解析では非ニュートン粘度のべき乗指数$n$をパラメータとして変化させる。 得られた流出境界における流速値を使い、次式で目的関数$f$を定義する。
$$ f=\left[ \frac{1}{N} \Sigma_{i=1}^N (u_i-\hat{u_i})^2 \right]^{1/2} $$
ここで $u_i$は(ある$n$値に対して)計算された流速値、$\hat{u_i}$は目標とする半円形の流速値、$N$はデータ点数である。 $n=0.05,0.50,0.95$における流出部流速分布と半円形の流速分布を比較した図を示す。
なお、ここではテストのために予め$n$値を$0.05$から$0.95$まで変化させた場合の計算を行い、目的関数の特性を調べておいた。 グラフで表示すると以下のようになる。
目的関数は$n=0.18$付近で最小値をとることがわかる。
なおこれは最適化の計算結果をわかりやすくするために使っており、 実際の最適化計算では、この目的関数の回帰式は使っていない(本来は未知のブラックボックス関数)。
解析手法
動作環境
ここでは、全ての処理をpythonから操作する。
pyfluentライブラリの必要動作環境に合わせて、python v3.11を使うようにした。

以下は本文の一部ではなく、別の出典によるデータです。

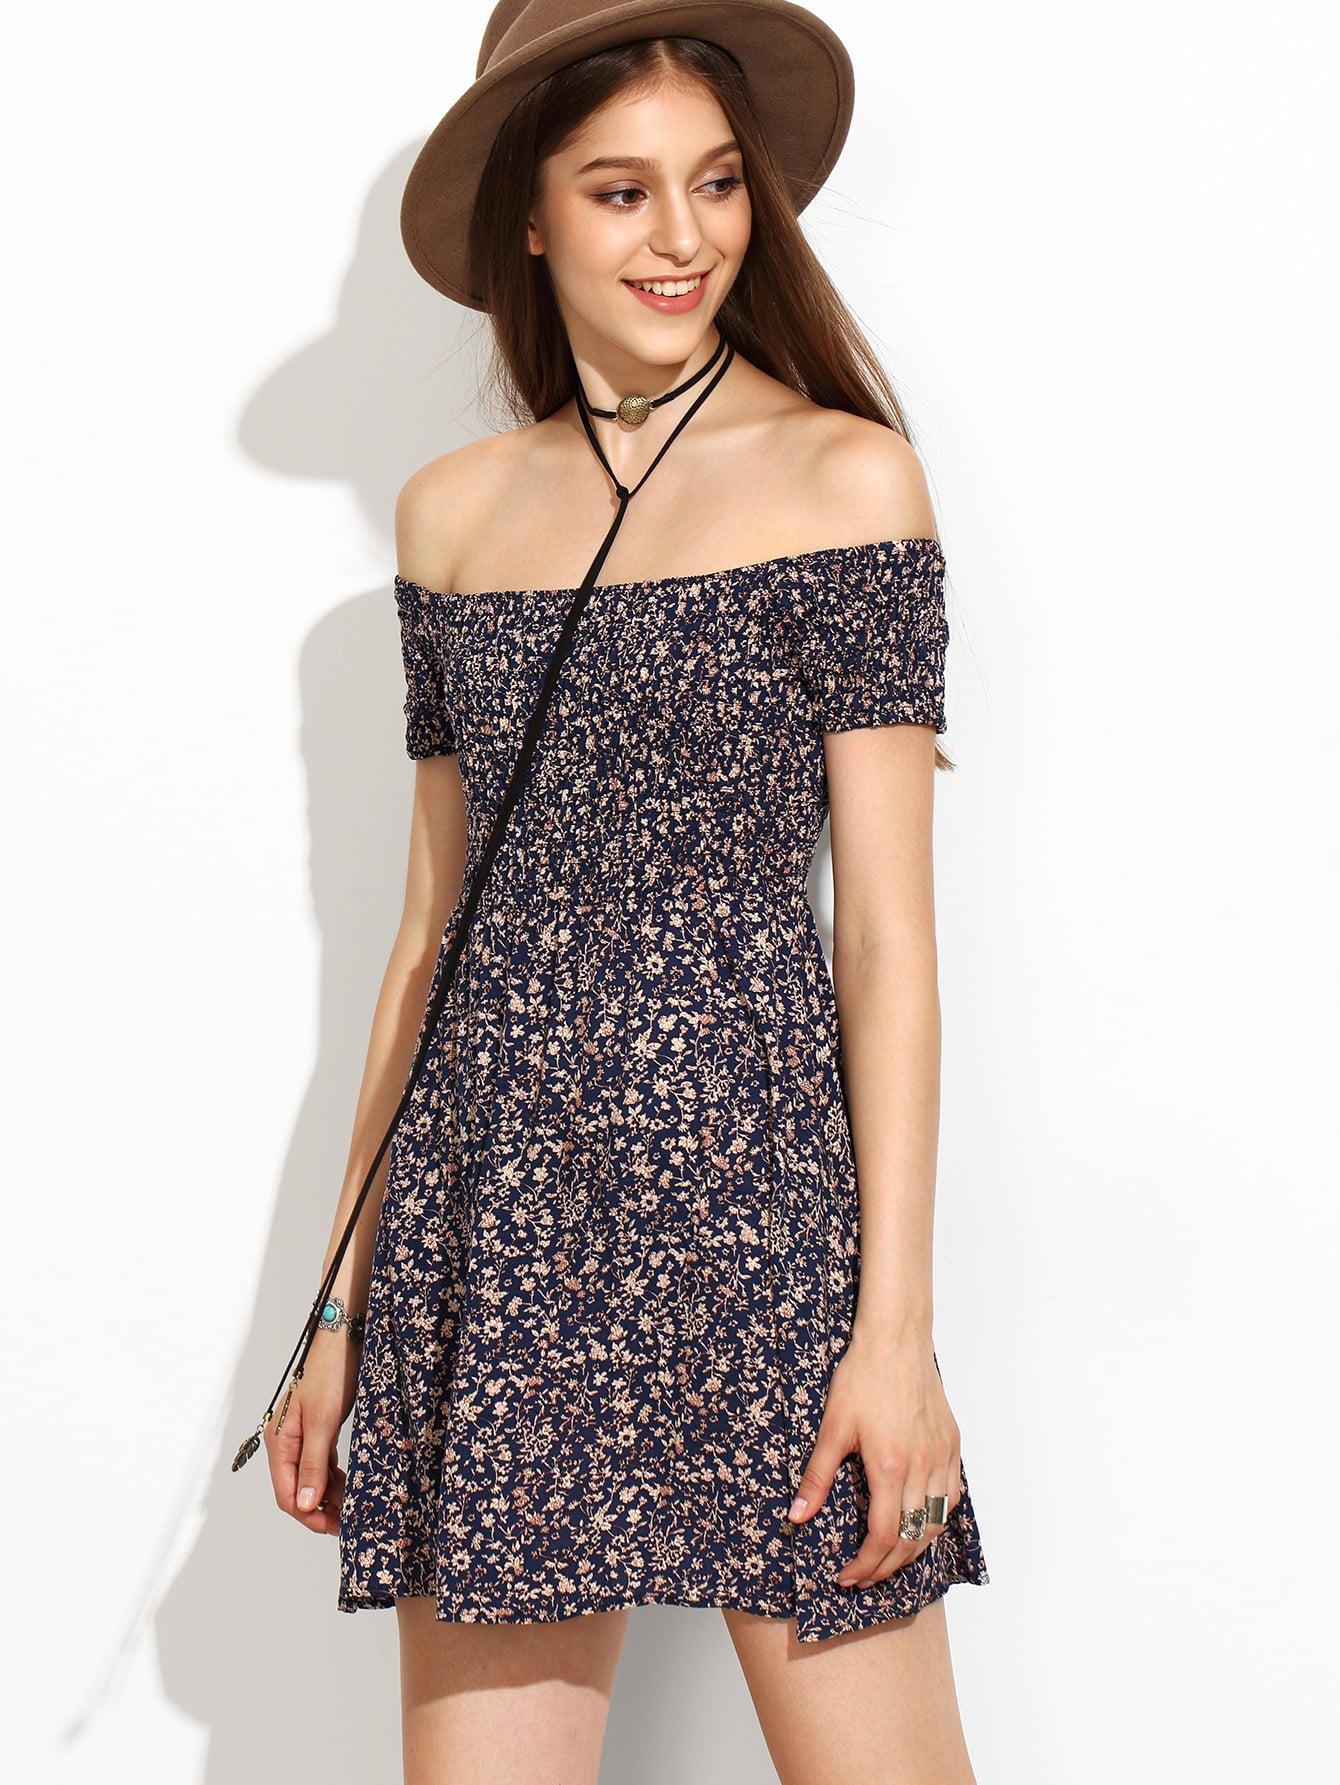 dress160802304_2

なお他のpythonライブラリと干渉するのを避けるため、venvモジュールを使い仮想環境を作成し、 その中で解析を実行するようにした(以下は仮想環境使用例。プロンプトの先頭に仮想環境名(ここではvenv311)が表示される)
使用するモジュール
以下のモジュールを仮想環境にインストールした。
pythonにはいくつかのベイズ最適化モジュールが利用可能であるが、ここではscikit-optimizeというモジュールを使った。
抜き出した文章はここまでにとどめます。